A: Support-led recovery creates risk because it concentrates trust decisions in a human conversation that attackers can manipulate with urgency, authority, and partial identity data.
Q: How can security teams tell whether recovery is actually strong enough?
A: Measure recovery like a control, not a convenience feature.
Practitioner guidance
- Remove KBA from all recovery paths Retire security questions from both primary authentication and fallback recovery.
- Separate helpdesk routing from trust decisions Train support agents to initiate the recovery workflow without approving identity on the call.
- Define warm-path and cold-path recovery tiers Give users with multiple enrolled devices a fast warm-path, but require supervised proofing for users with no enrolled device.
What's in the full article
Scramble ID's full report covers the operational detail this post intentionally leaves for the source:
- Step-by-step recovery flow design for warm-path, cold-path, and assisted recovery
- Identity proofing requirements for higher-assurance recovery contexts
- Decision-tree logic for elevated users, repeated failures, and cooldown handling
- Logging and review fields for recovery events, including proofing evidence and approver identity
👉 Read Scramble ID's recovery and fallback playbook for passwordless IAM →
Recovery fallback in passwordless IAM: are your controls strong enough?
Explore further
Recovery is an identity governance control, not an edge-case support feature. The article shows that passwordless deployments fail when recovery is treated as a convenience layer instead of a governed trust boundary. That changes the programme question from whether primary authentication is phishing-resistant to whether the recovery path preserves the same assurance under stress. Practitioners should treat recovery events as high-risk identity transactions, not routine service tickets.
A few things that frame the scale:
- 91.6% of secrets remain valid five days after the targeted organisation is notified, showing a critical gap in remediation procedures, according to Ultimate Guide to NHIs.

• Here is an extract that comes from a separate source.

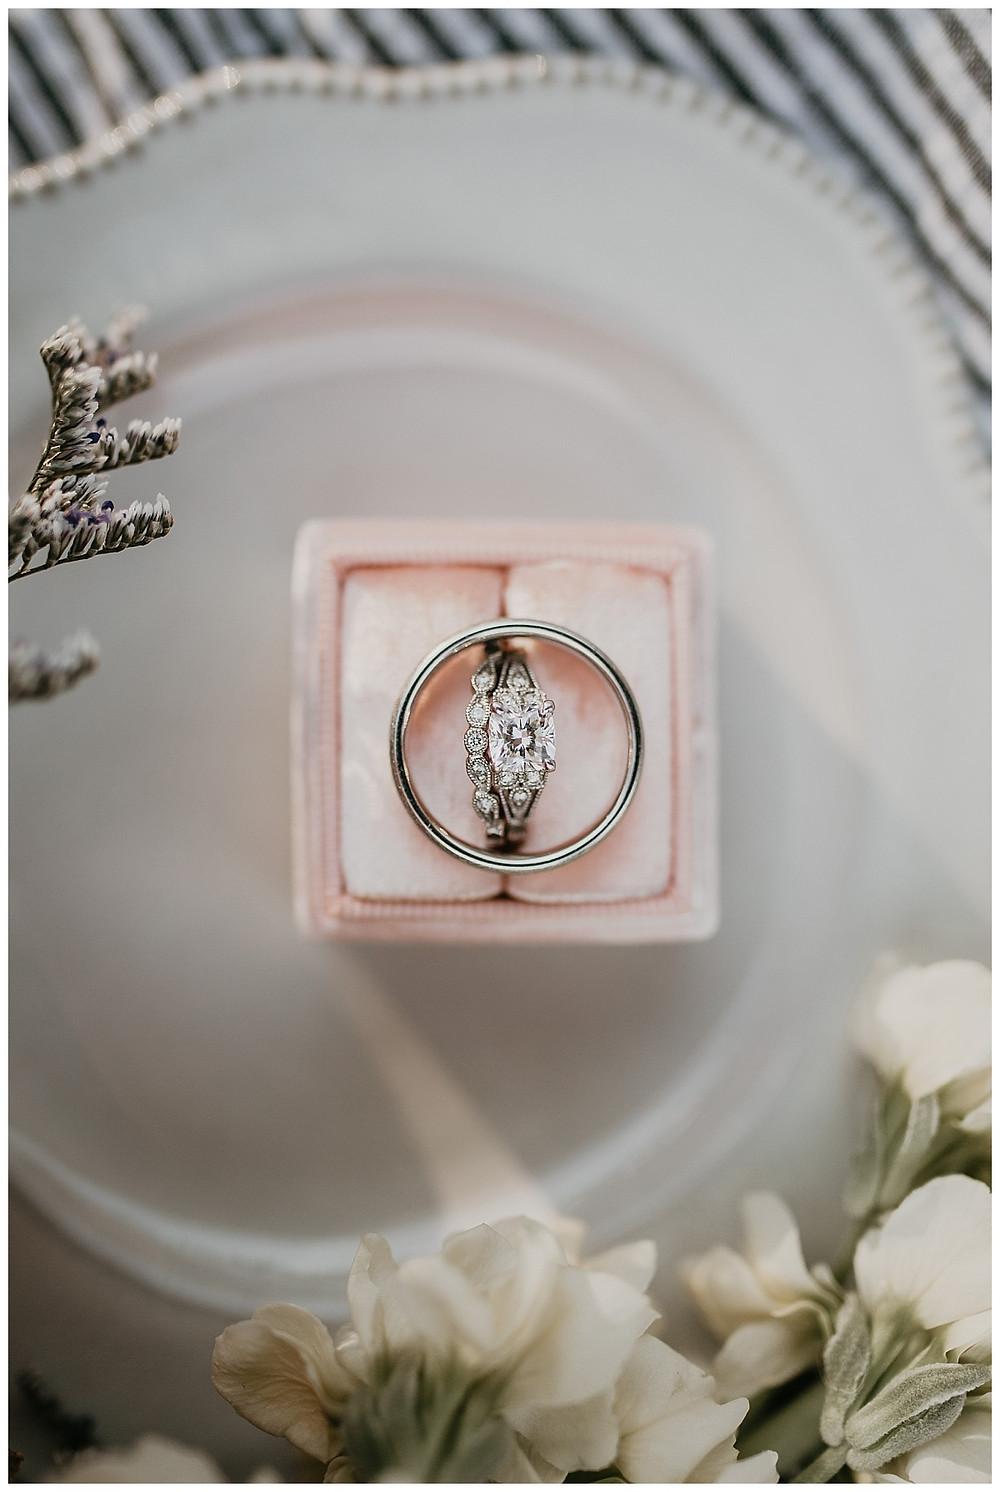 Wedding Ring in Pink Velvet Ring Box

- Only 5.7% of organisations have full visibility into their service accounts, according to Ultimate Guide to NHIs.
A question worth separating out:
Q: Who should approve recovery for privileged accounts?
A: Privileged recovery should require dual control, not a single support agent or manager. For high-risk accounts, proofing should establish identity and two distinct approvers should authorise activation. That keeps restoration separate from routine helpdesk support and reduces the chance that one compromised conversation restores broad access.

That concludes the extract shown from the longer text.